WCDS hones athletes’ skills amid COVID
Nothing stops the drive of an athlete to outdo their last best-performance. This sentiment is shared by the players on Wakefield Country Day School sports teams, even during this wholly unorthodox year.
When schools were shuttered in the spring, WCDS coaches continued meeting with their players via Zoom to continue to hone players' skills, keep teams as together as possible, and continue to encourage staying fit when eating banana bread was the order of the day.
When spring turned to summer and outdoor gatherings once again became allowed, teams gathered on the fields and worked on endurance and strategy. And now that our doors have reopened to on-campus learning, our teams are back to competing, albeit with some changes.
“With such a large team, and the VDH and CDC rules on high school sports, we decided to divide the varsity volleyball group into two teams, have the teams practice separately, and finally have them compete all season against one another,” says longtime coach, Suzanne Zylonis. “They still get the thrill of competition, get the enormous benefit of playing a team sport, and are working on fitness and skill development.
“Plus, the rest of the student body loves having games where they can show their school spirit, even socially distanced. It's been a win-win for everyone — including us — we're guaranteed to win every game! I thought wearing masks and sanitizing equipment daily would be a real challenge to our athletes, but they haven't given it a second thought, it's just par for the course.”
The middle school and high school soccer and volleyball teams have made the best of the year with little downside, practicing daily and working on new plays.
“When we went virtual last spring, I really missed playing sports with my friends, so I don't care if I have to wear a mask, it's a small price to pay to get to play soccer again, and just be with my friends,” says Will Wofford, 6th grade attacker-mid field on the WCDS soccer team. “I think this season practicing and scrimmaging is really going to pay off when we finally get to compete against other schools again. I can't wait.”
Kindness counts at RCES
Rappahannock County Elementary School recently held a Kindness Counts Spirit Week to conclude Bullying Prevention Month.
The daily themes included "Team Kindness" (sports jersey or panther spirit wear), "Powered by Kindness" (favorite hero), "Dream of Kindness" (pajama day), "Crazy About Kindness" (crazy hair/clothes/socks day), and "Character Counts" (favorite book character).
The students enjoyed the opportunity to show their school spirit while spreading the message of kindness, inclusion, and unity.
According to RCPS School Psychologist Kathy Zehr Rhodes: “Students and teachers alike participated in Friday's theme, Character Counts, with creativity and enthusiasm.

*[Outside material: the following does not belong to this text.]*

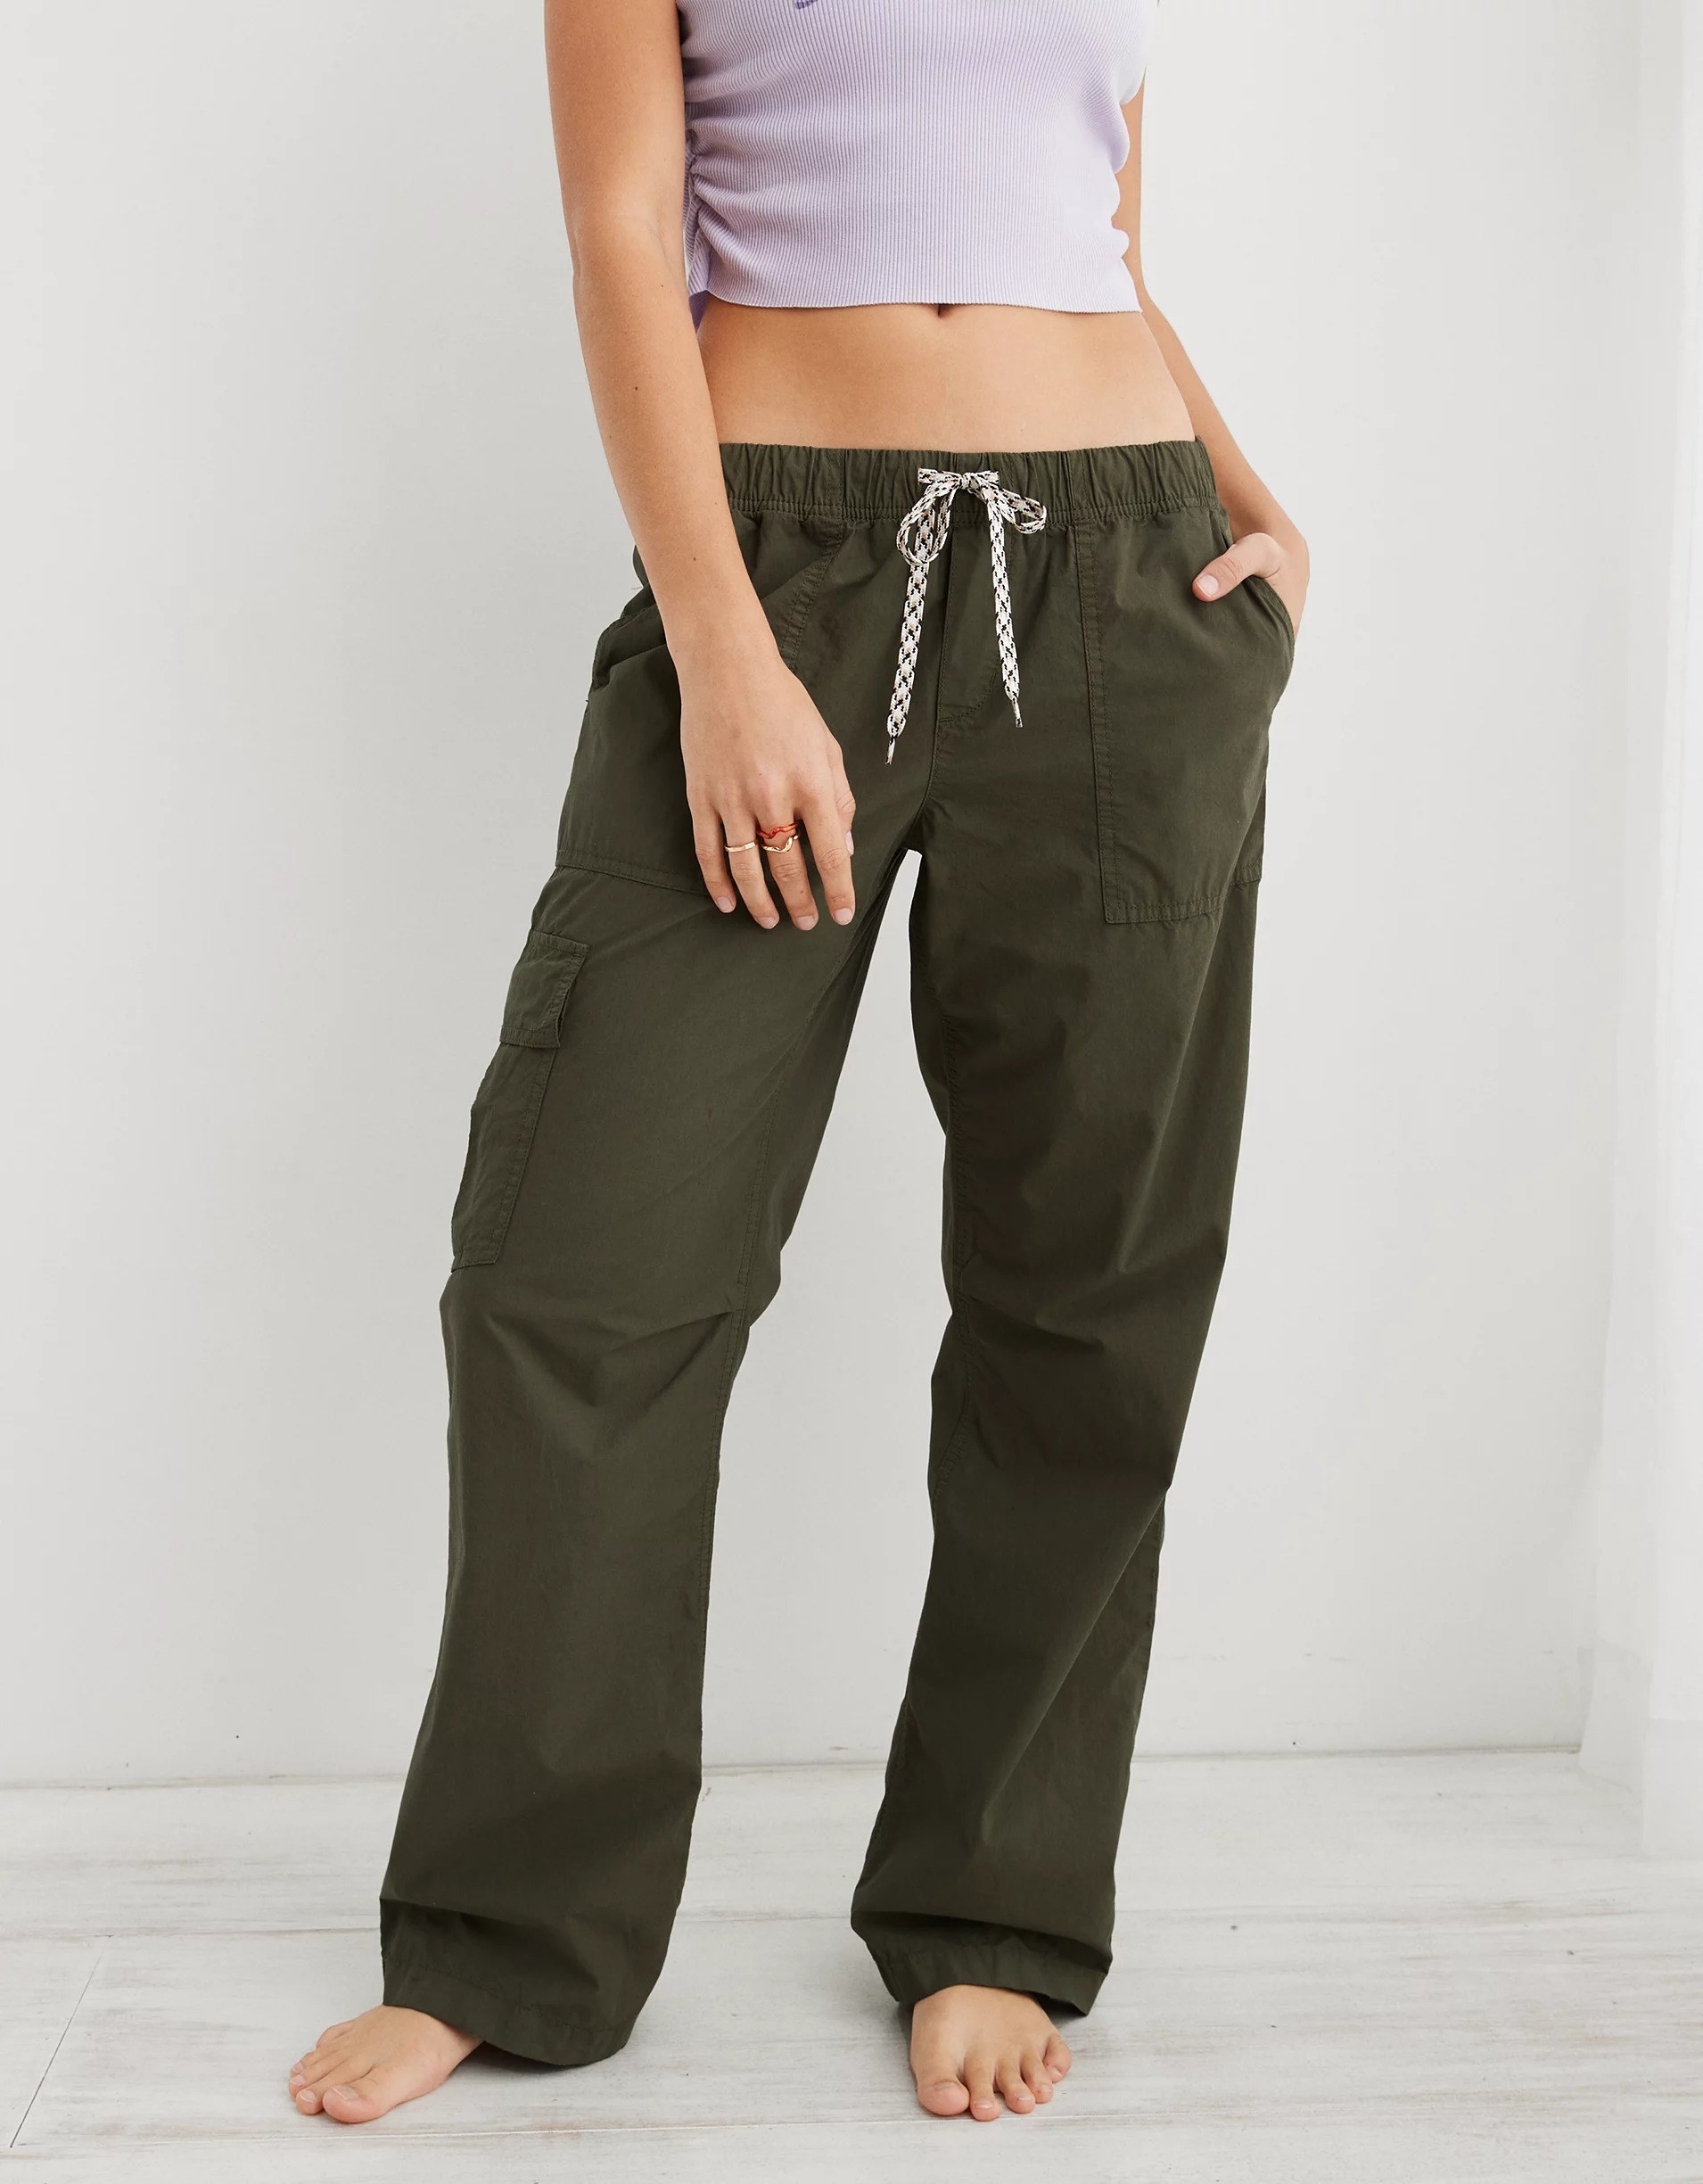 A model shot from the neck down wearing a crop top and the pants in olive

Several primary students entered the school carrying a book representing the character they chose to personify ...
“What a positive way to build relationships within our school community!”
— Holly Jenkins
LFCC can helps with COVID fallout
“If you have lost your job, or seen a reduction in your hours and paycheck, Virginia’s community colleges want to help you,” said Glenn DuBois, Chancellor of the Virginia Community College System.
The new Re-Employing Virginians (REV) initiative will provide scholarships to eligible individuals to enroll in a workforce or community college program in five essential industries: health care, information technology, skilled trades, public safety, and early childhood education.
“Virginians who have been furloughed, had hours reduced, or lost a job because of the pandemic are struggling and wondering what the future holds,” said Gov. Ralph Northam. “Investing in programs that help people develop skills in high-demand fields is a win for workers, employers, and our economy. As we focus on recovering from the impacts of the global pandemic, the new REV initiative will give Virginians the resources they need to get back on their feet and help ensure that our Commonwealth emerges from this public health crisis even stronger than we were before.”
The initiative will provide one-time REV scholarships of $3,000 to register in a qualifying full-time workforce program and $1,500 to register part-time or in a short-term, noncredit training program. The Virginia Community College System (VCCS) and Northern Virginia and Hampton Roads Local Workforce Development Areas will administer the CARES Act funding for the REV initiative, with $27 million allocated to VCCS for statewide programs and $3 million for the two workforce areas.